Tuesday, August 25, 2009

Arne's Assistant

Below is a short article about Thelma Meléndez de Santa Ana, the Assistant Secretary for Elementary and Secondary Education. You'll notice her connections to a number of philanthropic organizations - Broad, Stupski, Annenberg. She also remembers the time she spent in leveled reading groups as a young child. Leveled reading is part of the standardization crap, the "you can't read that book because you're only a level 15 reader" bullshit that passes as literacy in many of our nation's classrooms. We don't have full-service libraries with librarians in our schools; we don't give teachers the financial resources to stock their room with books; we don't make reading fun for our children - we just give them more testing, more basal readers, more Scott Foresman textbooks, and more DIBELS testing.
I hope Thelma talks to Arne about her horrible experience in a leveled reading group. Arne says he wants kids to love reading. They're not going to love reading when they're stigmatized and drilled, endlessly tested and DIBELed; they'll love reading when they can choose the books they read and find power from the materials they choose to explore. For all the talk about school choice, there's very little dialogue about allowing children to choose their own reading materials.
Assistant Secretary for Elementary and Secondary Education: Who Is Thelma Meléndez de Santa Ana?
Tuesday, August 25, 2009
Matt Bewig

The new chief federal official for K-12 education empathizes easily with students who face difficulties in school. Born in 1958 to Mexican immigrants, Dr. Thelma Meléndez de Santa Ana arrived at kindergarten unable to speak or read English, and found the daunting task of learning her new language complicated by ostracism from her Anglo classmates. Although her kindergarten teacher was helpful and sympathetic, Meléndez de Santa Ana later recalled a humiliating first grade experience, when a teacher placed her in the slowest group of readers. “They called us ‘the buzzards,’ and all we did was recite the alphabet over and over and over again.” Later, Meléndez de Santa Ana was told by a high school counselor she had no chance of going to UCLA. Proving that counselor wrong, she earned a B.A. in Sociology from UCLA in 1981 and a Ph.D. in language, literacy and learning from the Rossier School of Education at USC in 1995. She was confirmed for her new position on July 24, 2009.

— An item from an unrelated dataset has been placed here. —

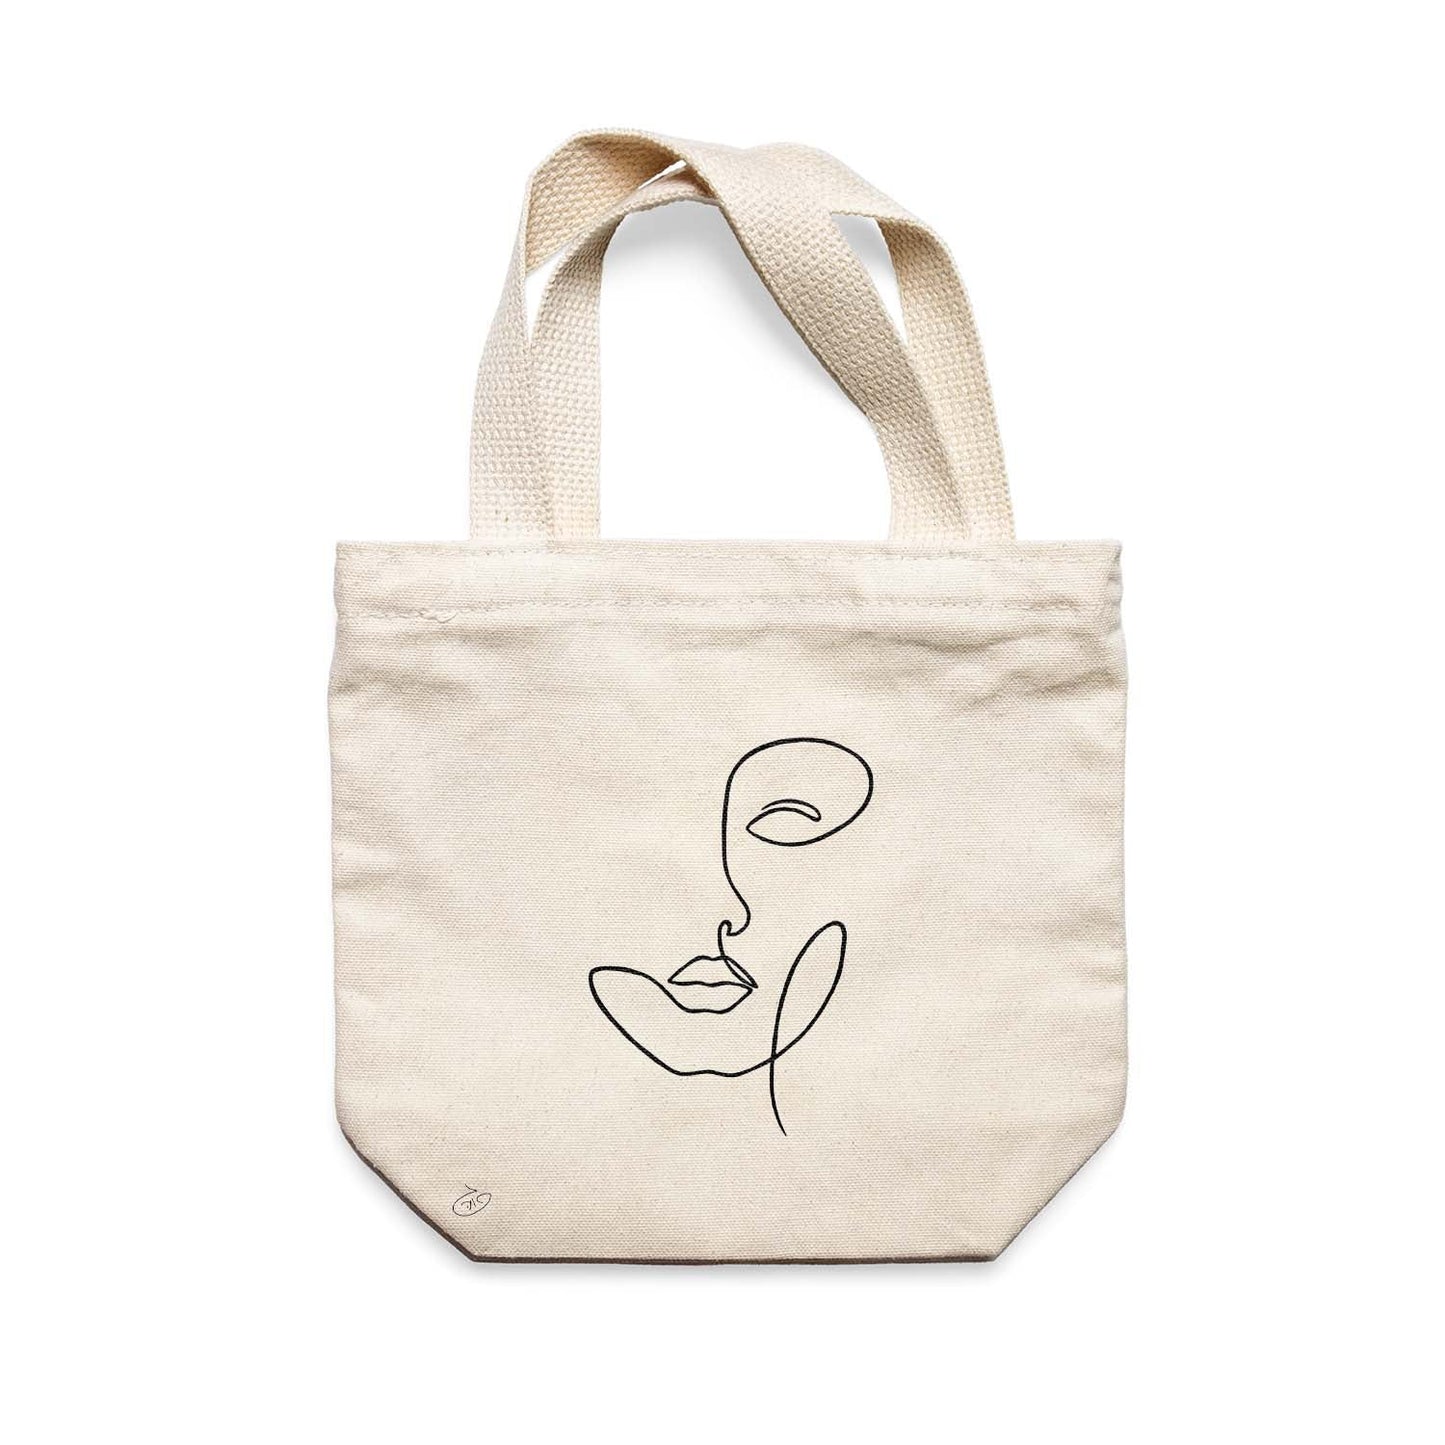 תיק צד לנשים וגברים מבד 100% כותנה טבעית בעיצוב One Line - Sundara Tote Bag מציור מקורי של גאיה

Meléndez de Santa Ana has spent her entire career in Southern California. She worked in the Montebello Unified School District as a bilingual classroom teacher, middle school assistant principal for curriculum and instruction, and elementary school principal. For the Pasadena Unified School District, she was director of instruction for elementary and middle schools. From 1997 to 1999, she was Director of the Los Angeles Annenberg Metropolitan Project, a $53 million school reform project that worked to improve Los Angeles schools, but had mixed early results. Returning to school administration, she served as Deputy Superintendant and Chief Academic Officer at the Pomona Unified School District from 1999 to 2005. Lured back to the nonprofit world, she worked for a year and a half as Program Manager for the Stupski Foundation, a San Francisco-based non-profit focused on district-level reform, from early 2005 through June 2006. Returning to Pomona in July 2006, Meléndez de Santa Ana served as superintendant of the district, which has more than 40 schools serving more than 33,000 students in Pomona and parts of Diamond Bar, until July 2009, when her nomination to the Department of Education was confirmed by the Senate.
Meléndez is also associated with The Broad Foundation, a Los Angeles-based venture philanthropic organization established by Eli Broad. In 2006 she was among 18 business executives, military leaders, and career educators who were selected by The Eli Broad Center for the Management of School Systems to participate in the Broad Superintendents Academy, a 10-month executive management program to train working CEOs to lead urban public school systems.